Вокруг нас собрались другие всадники. Карл наклонился к своим рукам, а когда поднял сверкающие глаза и обнажил зубы в свирепой улыбке, из его рта свисали внутренности, такие же красные, как и родимое пятно над губой.
Он зарычал и замотал головой, словно собака, раздирающая добычу. Я встала перед сыном, тщетно стараясь загородить его от взглядов.
— Господи, — прошептал Эдуард.
Он подошел к Карлу и сильно его ударил. Король подавился добычей и выплюнул ее.
— Иди к черту! — заорал он. — Как ты смеешь поднимать на меня руку?
Карл бросился на Эдуарда.
Я попыталась остановить сыновей. Карл слепо махал руками и оттолкнул меня, а Эдуард старался поймать его за запястья. Старик Монморанси вмешался в драку.

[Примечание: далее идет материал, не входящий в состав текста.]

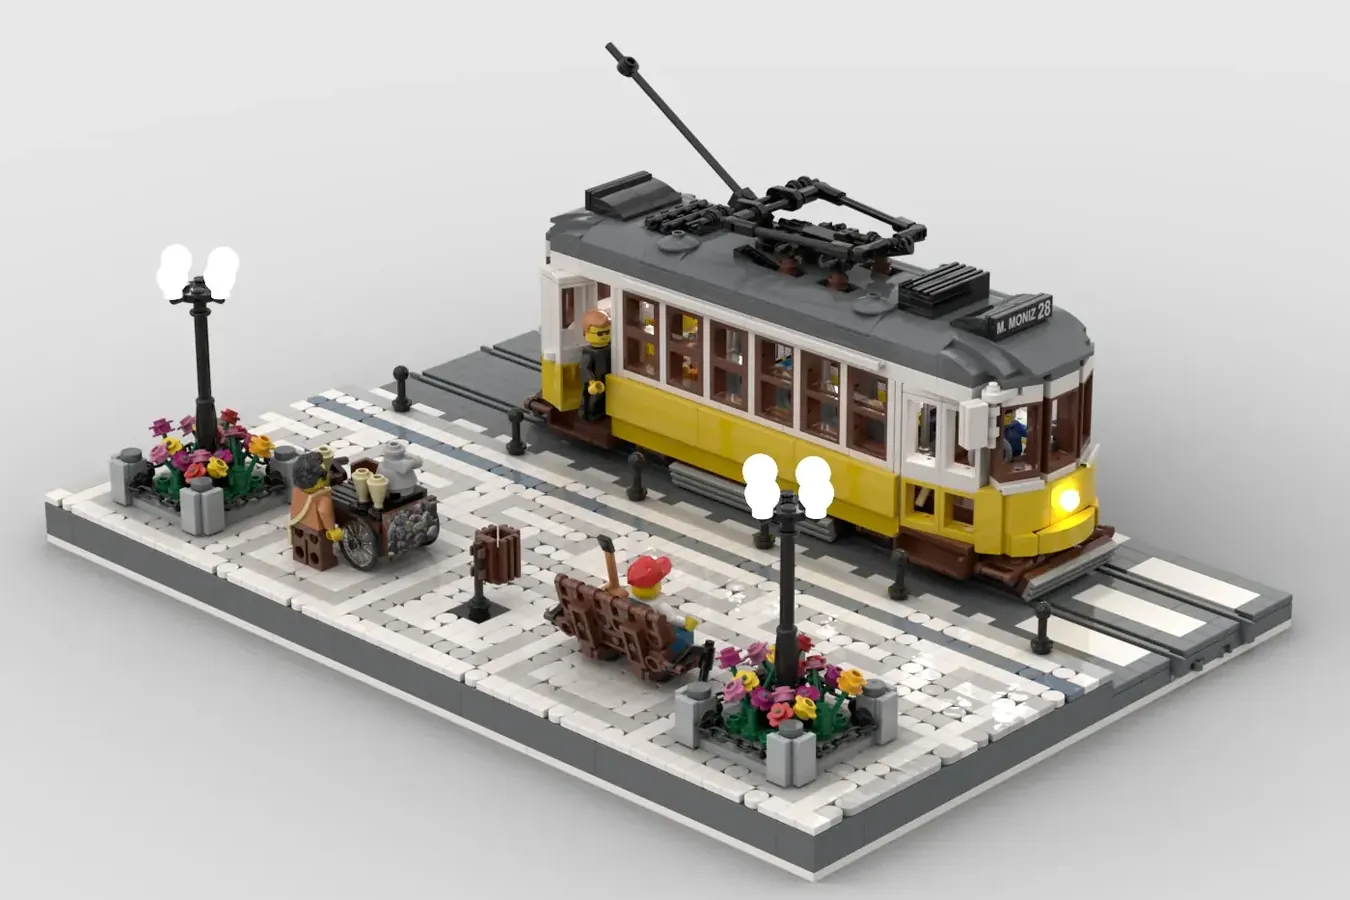 Lego ® Tram” advances into product review: 2022 2nd 10,000 support acquisition design introduction

Карл упал, и Эдуард отпрянул.
Король кричал что-то неразборчивое, рвал траву руками и зубами, словно хотел уничтожить ни в чем не повинную землю.
Охотники потихоньку разбрелись. Карл утомился, и его унесли на носилках. Он долго и сильно кашлял, его платок промок от крови.
В ту ночь я вместе с доктором Паре сидела возле постели сына. Паре не смог скрыть тревоги при виде крови. К счастью, лихорадки у Карла не было, и в перерывах между приступами кашля он вел себя как всегда.
— Я погибну молодым, — мрачно изрек он, — и все будут рады.
— Не говори так, — взмолилась я. — Ты отлично знаешь, что твоя смерть разобьет мое сердце.
Карл поднял тонкую бровь.
— Ты, конечно же, предпочтешь, чтобы королем стал Эдуард.
— Что за ужасные слова! Я одинаково люблю всех своих детей.
— Нет, — возразил он устало, — Эдуарда ты любишь больше всех. И это печально, потому что, когда я умру, он покажет себя монстром, каким и является на самом деле.